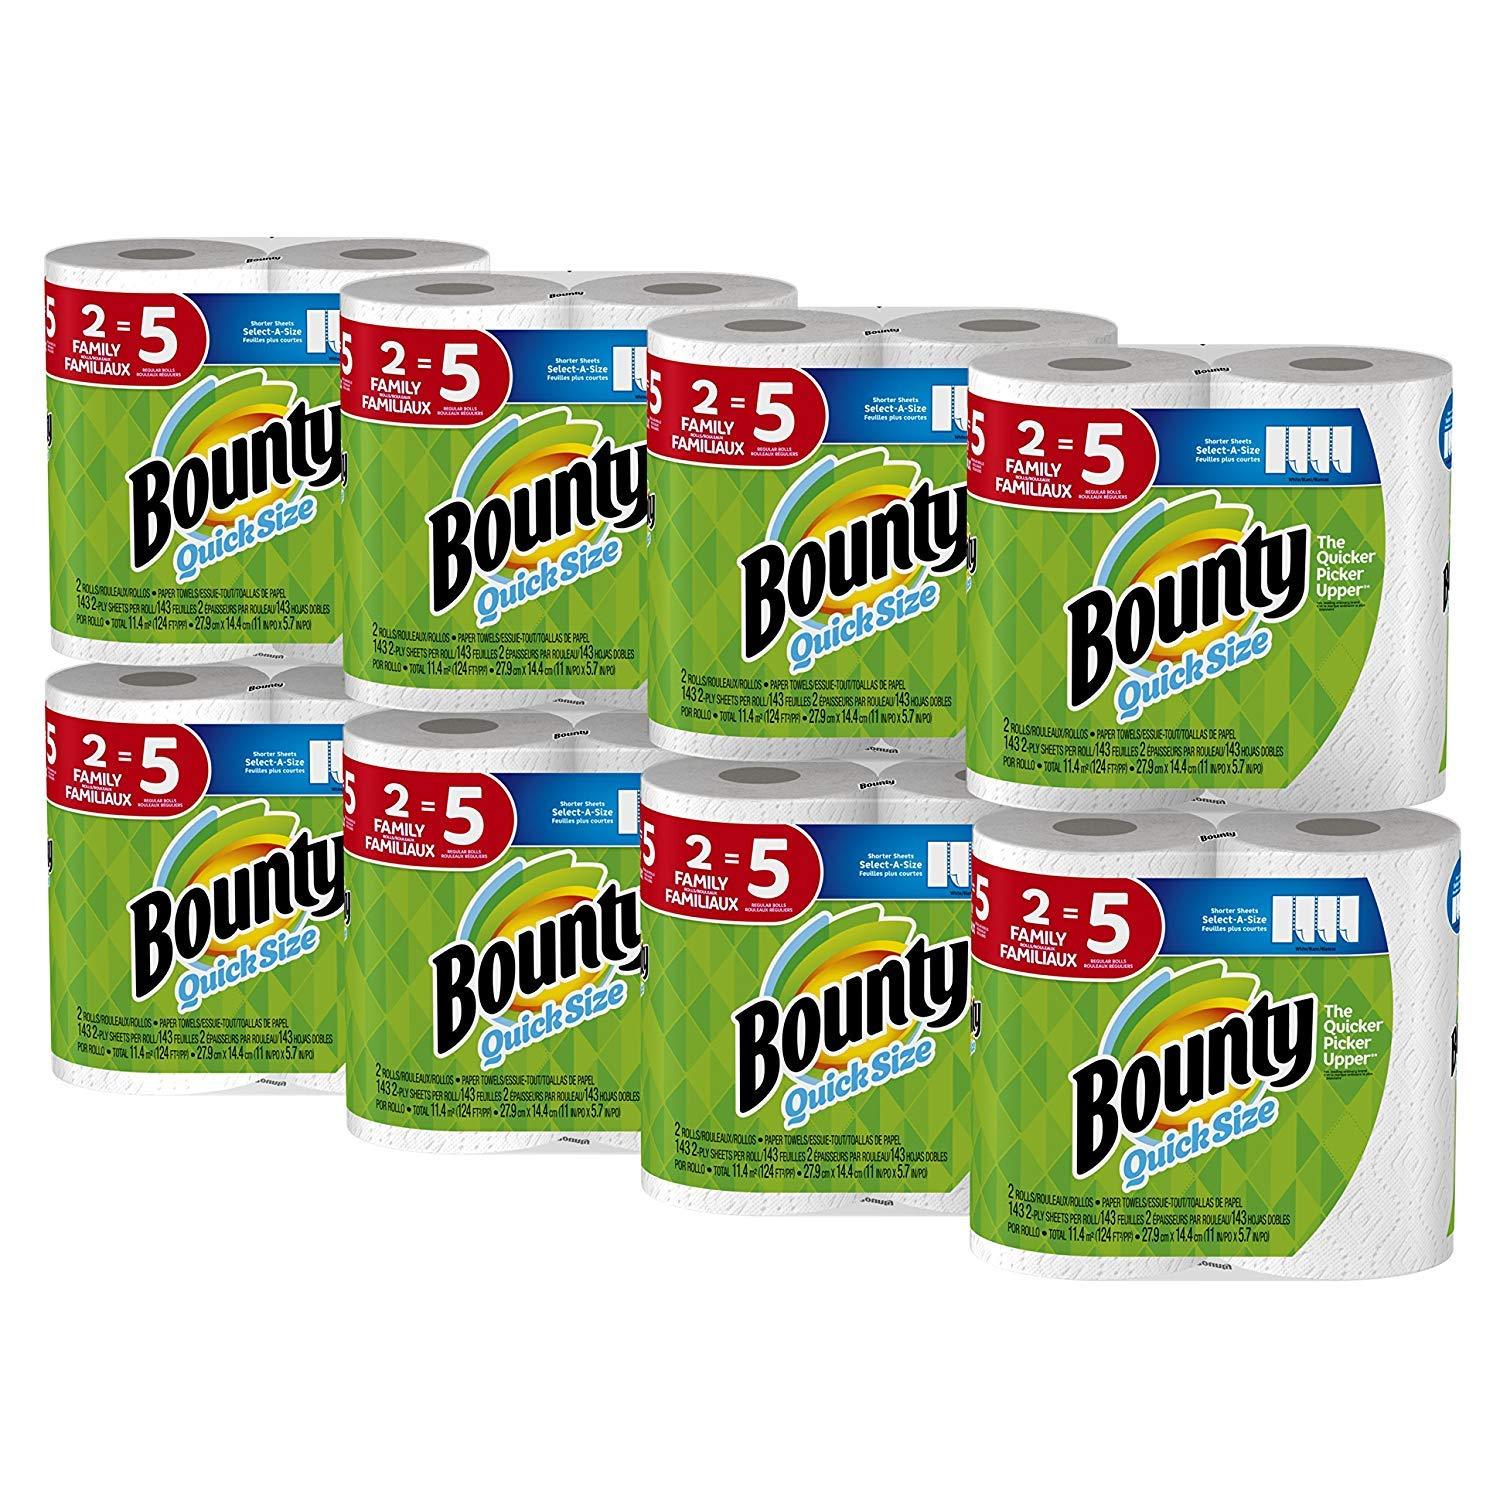 Bounty Quick-Size Paper Towels, White, Family Rolls, 16 Count (Equal to 40 Regular Rolls)
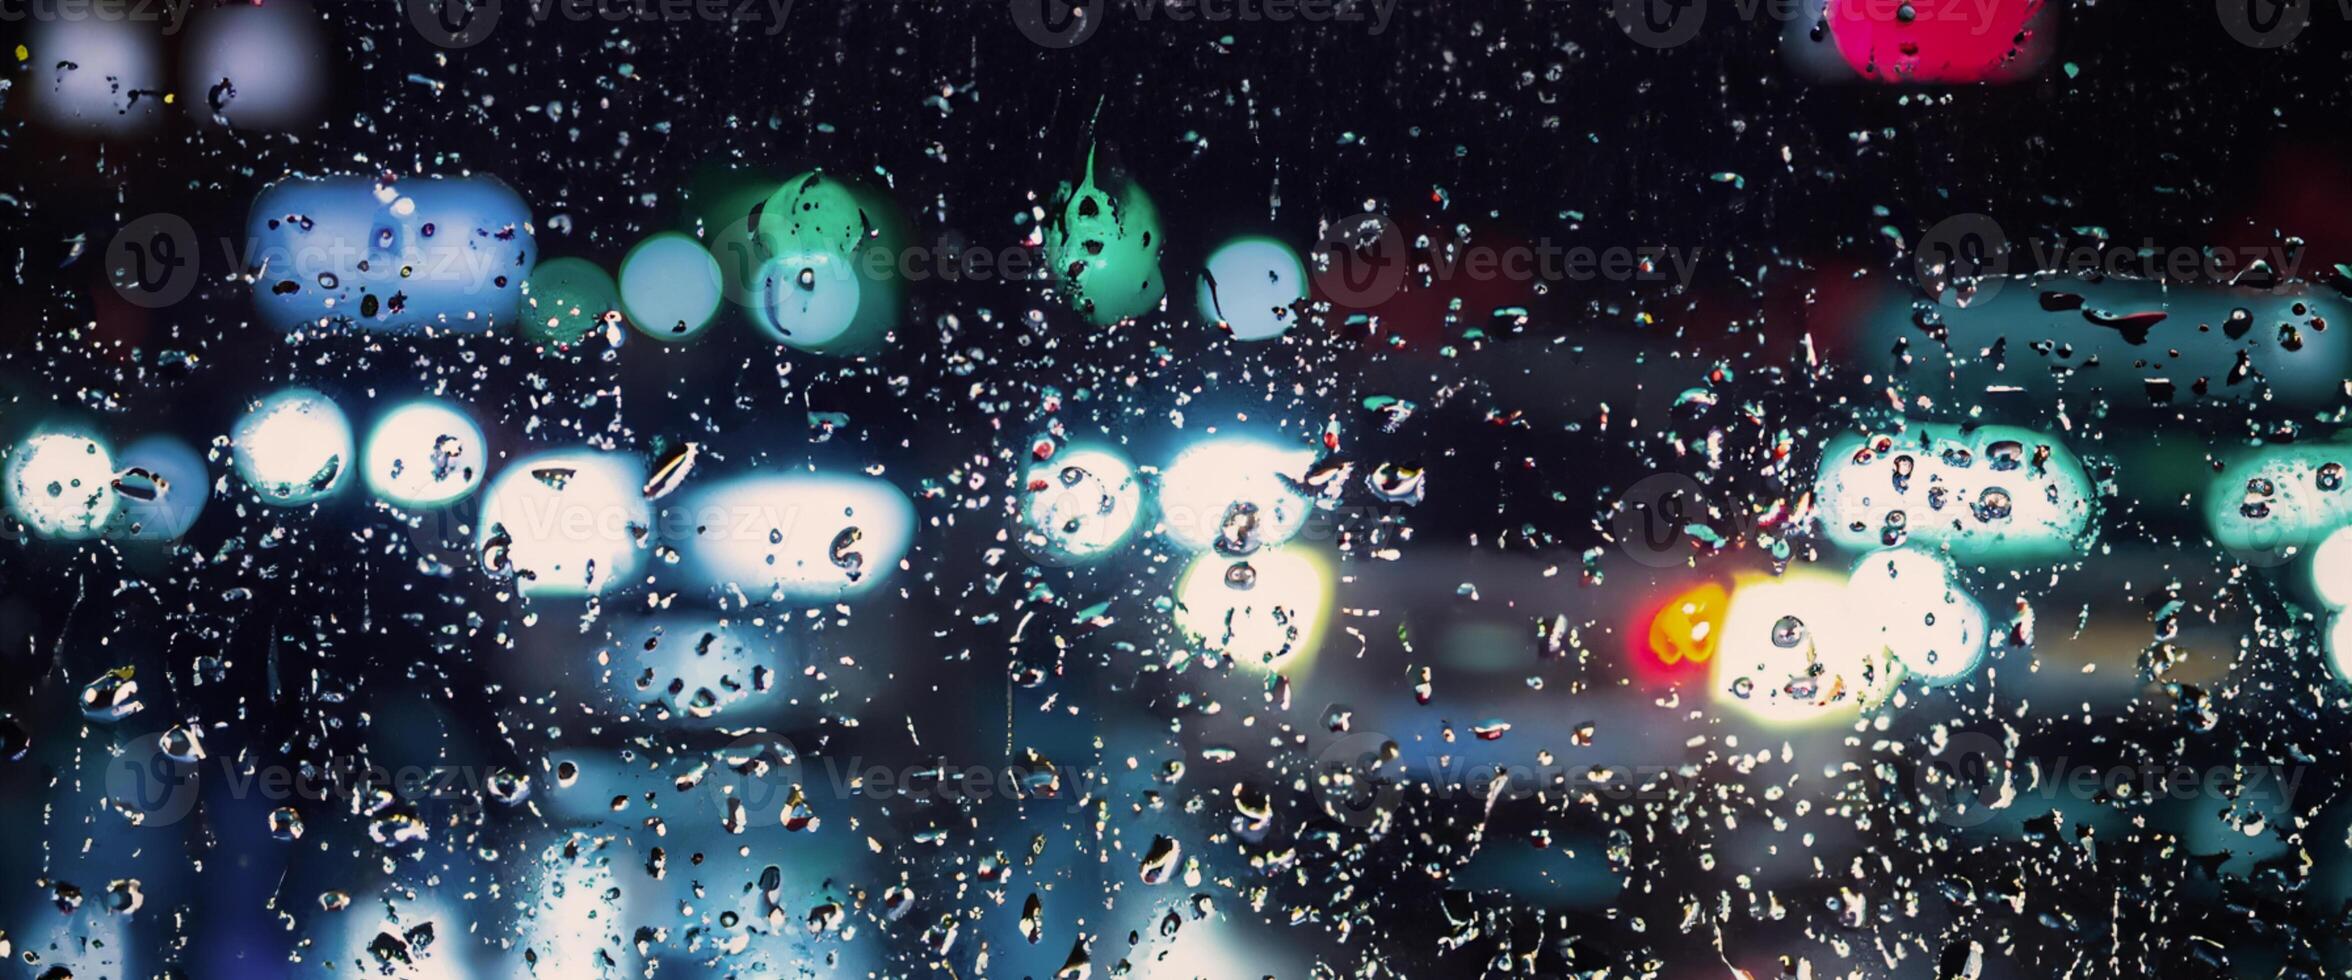 Driving in raining. Rain on car windshield or car window in rainy season and blurry traffic road in background. Rain drops on car mirror. Road in rain. Drizzle raining decreases driving visibility. photo
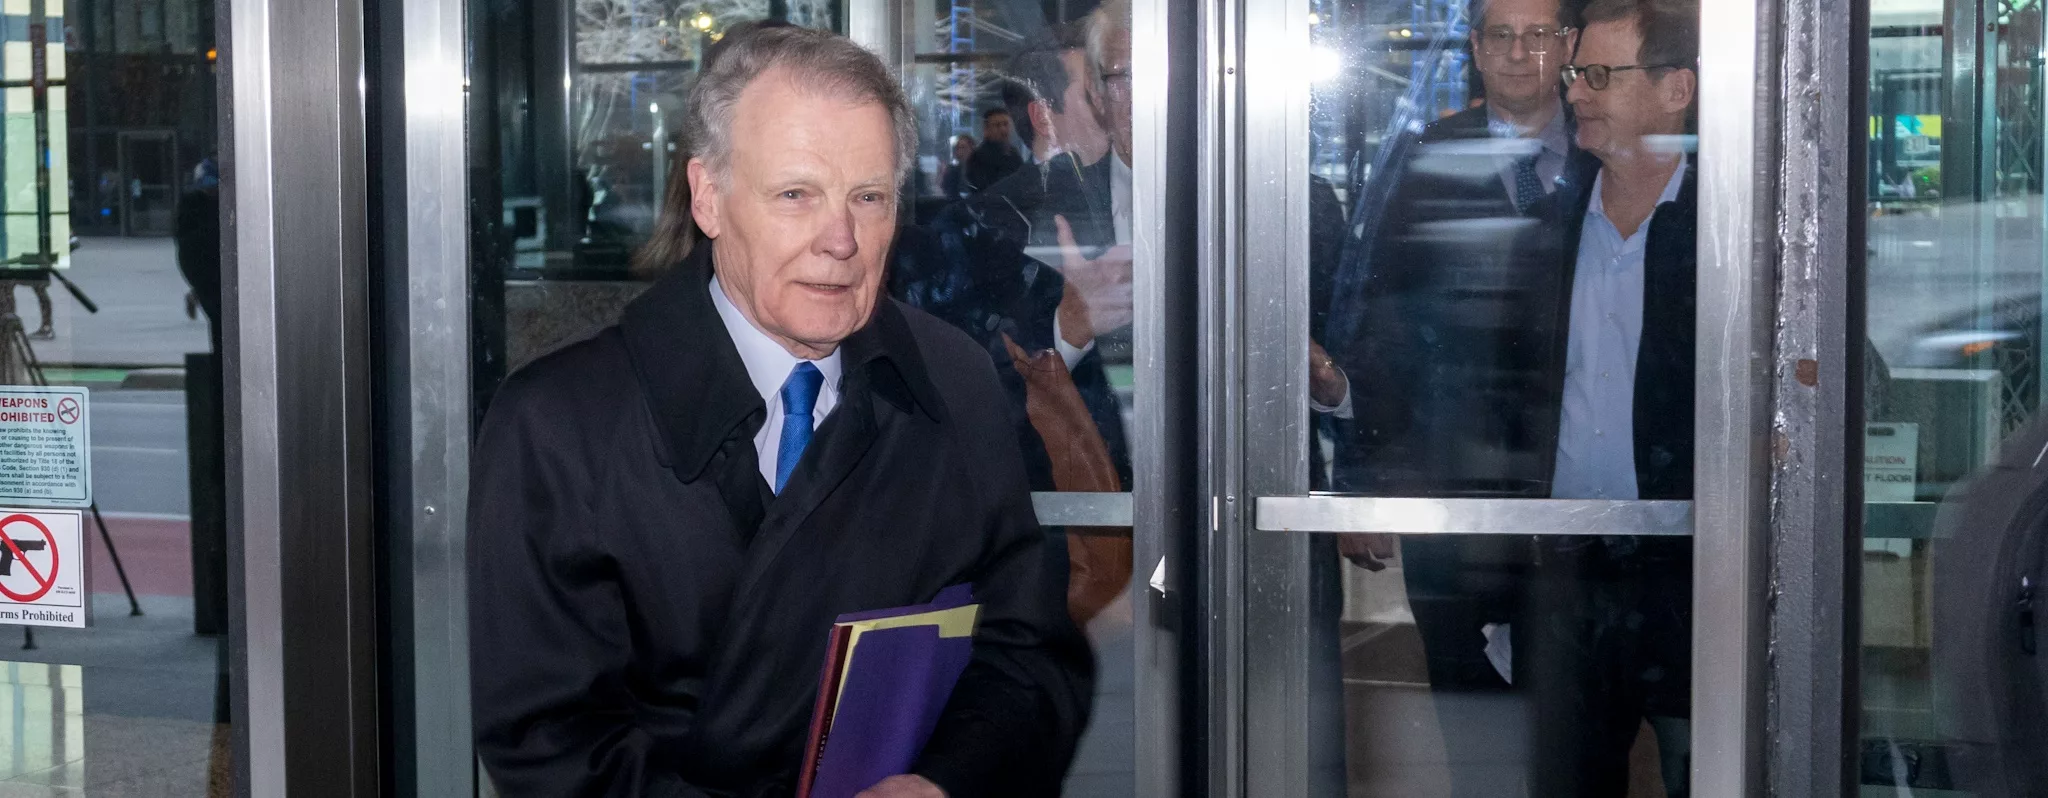 SCOTUS ruling could upend federal corruption cases for Madigan, allies

━━━━━━━━━━━━━━━━━━━━

Task goal
Without including any pictures, copy every line above exactly.

Reply to the exercise
 Bounty Quick-Size Paper Towels, White, Family Rolls, 16 Count (Equal to 40 Regular Rolls)
 Driving in raining. Rain on car windshield or car window in rainy season and blurry traffic road in background. Rain drops on car mirror. Road in rain. Drizzle raining decreases driving visibility. photo
 SCOTUS ruling could upend federal corruption cases for Madigan, allies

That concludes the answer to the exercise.